Extracting data from the database

  • apop_db_to_crosstab : take up to three columns in the database (row, column, value) and produce a table of values.
  • apop_query_to_data
  • apop_query_to_float
  • apop_query_to_mixed_data
  • apop_query_to_text
  • apop_query_to_vector

Writing data to the database

See the print functions at Legible output. E.g.

apop_data_print(yourdata, .output_type='d', .output_name="dbtab");

Command-line utilities

A few functions have proven to be useful enough to be worth breaking out into their own programs, for use in scripts or other data analysis from the command line:

  • The apop_text_to_db command line utility is a wrapper for the apop_text_to_db command.
  • The apop_db_to_crosstab function is a wrapper for the apop_db_to_crosstab function.

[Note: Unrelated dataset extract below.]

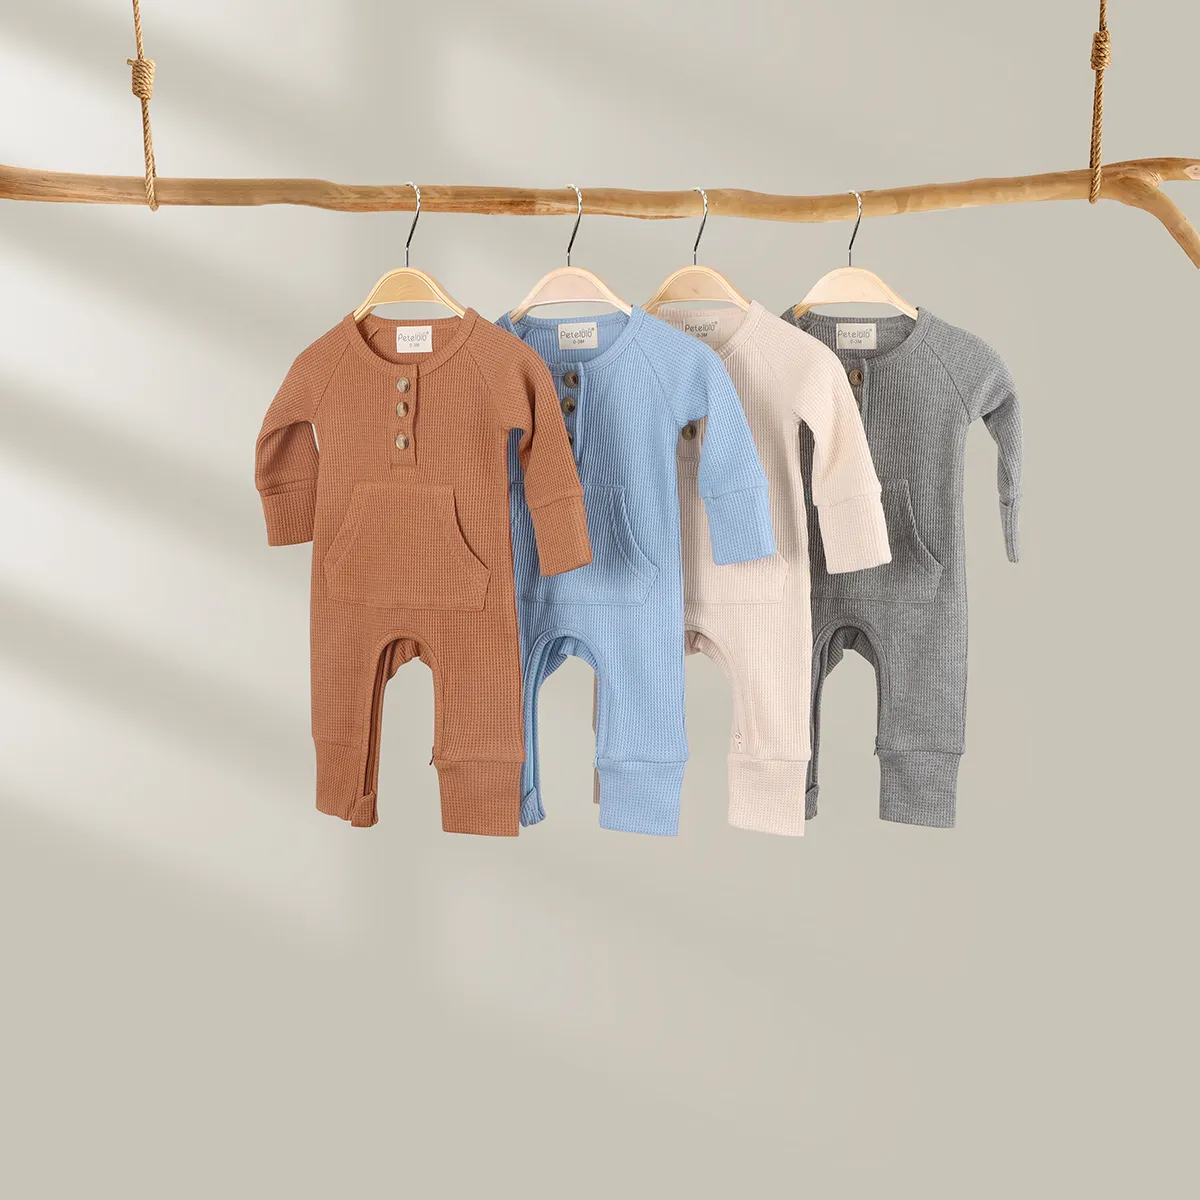 Bequemes Waffel-Babystrampler-Set bunt Schnappverschluss lange Ärmel aus Baumwolle Polyester für Kinder 3-6 Monate Größen

Database moments (plus pow()!)

SQLite lets users define new functions for use in queries, and Apophenia uses this facility to define a few common functions.

  • select ran() from table will produce a new random number between zero and one for every row of the input table, using gsl_rng_uniform.
  • The SQL standard includes the count(x) and avg(x) aggregators, but statisticians are usually interested in higher moments as well—at least the variance. Therefore, SQL queries using the Apophenia library may include any of these moments:
select count(x), stddev(x), avg(x), var(x), variance(x), skew(x), kurt(x), kurtosis(x),
std(x), stddev_samp(x), stddev_pop(x), var_samp(x), var_pop(x)
from table
group by whatever

var and variance; kurt and kurtosis do the same thing; choose the one that sounds better to you. Kurtosis is the fourth central moment by itself, not adjusted by subtracting three or dividing by variance squared. var, var_samp, stddev and stddev_samp give sample variance/standard deviation; variance, var_pop, std and stddev_pop give population standard deviation. The plethora of variants are for mySQL compatibility.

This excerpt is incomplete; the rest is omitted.